Kinderträume
Wir stellen uns die Szene vor. Eine Party. Im Salon die Erwachsenen, angeregt über Politik, Wirtschaft, Sport und Gesellschaft disputierend. Nebenan eine bunte Rasselbande, im enthemmten Durcheinander. Mitten unter ihnen, auf Knien durchs Zimmer rutschend, ein soignierter Herr im Anzug ... Eine Fiktion. Allein, sie war Realität. Maurice Ravel liebte es, unter den wilden Kerlen und Gören mit ihren Stofftieren und Schnodderschnuten zu weilen, hier fühlte er sich wohl.
Weswegen es wenig verwundert, dass er irgendwann daran ging, eine Fantasie lyrique zu schreiben, deren (etwas störrischer) Held ein Kind ist, dem animalische Freunde die Leviten lesen: «L’Enfant et les sortilèges». Ein Stück voller Fantasien, reich an verrückten Wendungen, mit zauberhafter Musik. Ein Kindertraum.

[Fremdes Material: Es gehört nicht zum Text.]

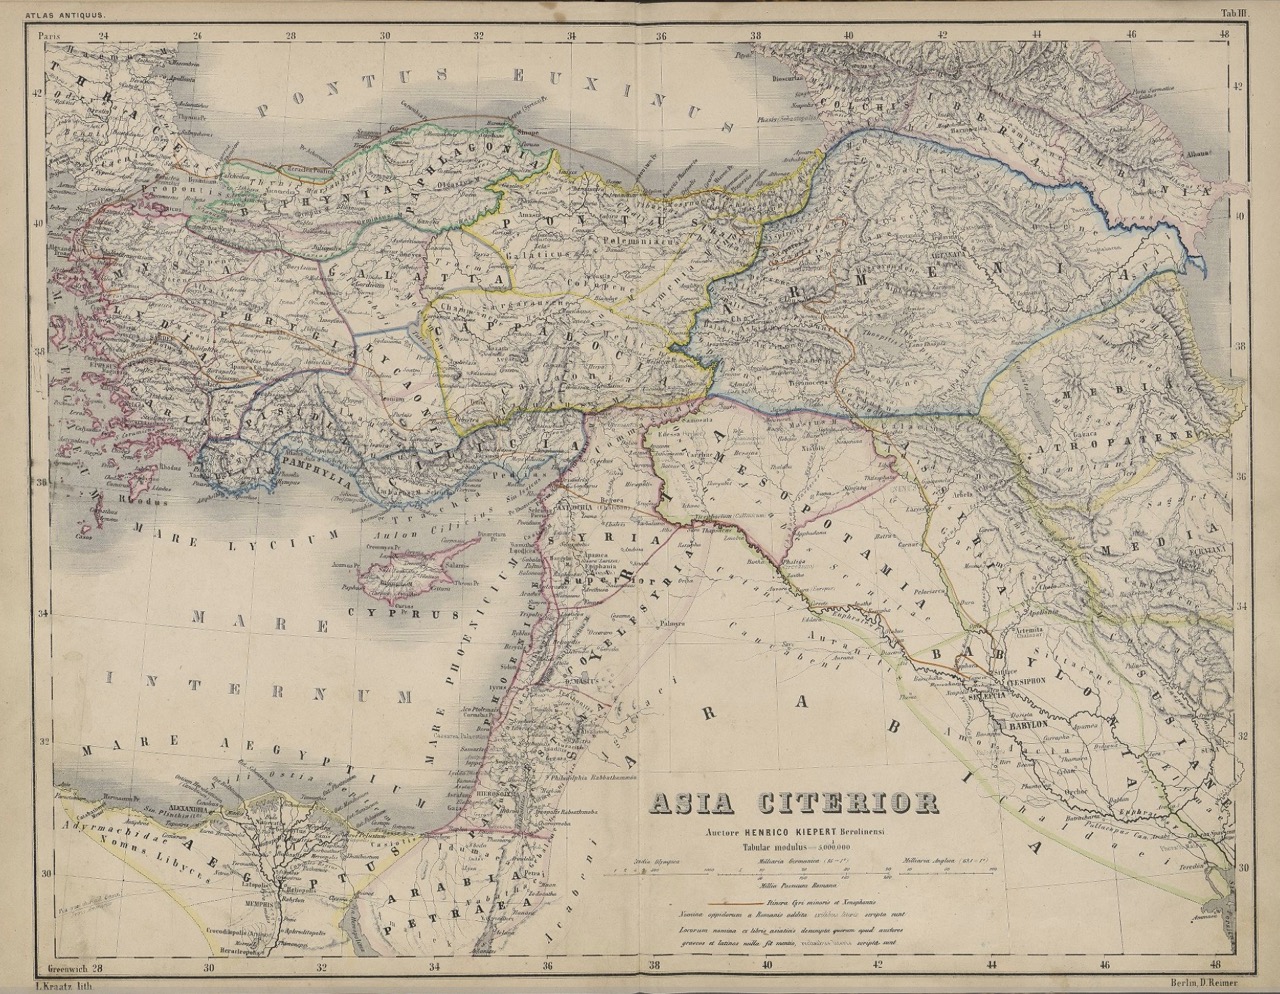 Kiepert: Atlas Antiquus 1863, "Asia Citerior"

Zwei neue Aufnahmen atmen exakt diesen Geist. Die Magie der Vergessenheit. Das Traumhafte. Unerhörte Sinnlichkeit im Leicht-Schwebenden. All das entlocken sowohl Mikko Franck an der Spitze des Orchestre Philharmonique de France als auch Stéphane Denève und das Radio-Sinfonieorchester Stuttgart der Partitur, pointiert, mit schillernden Valeurs und spektral aufgefächerten Farben, beide sehr «französisch», fein ...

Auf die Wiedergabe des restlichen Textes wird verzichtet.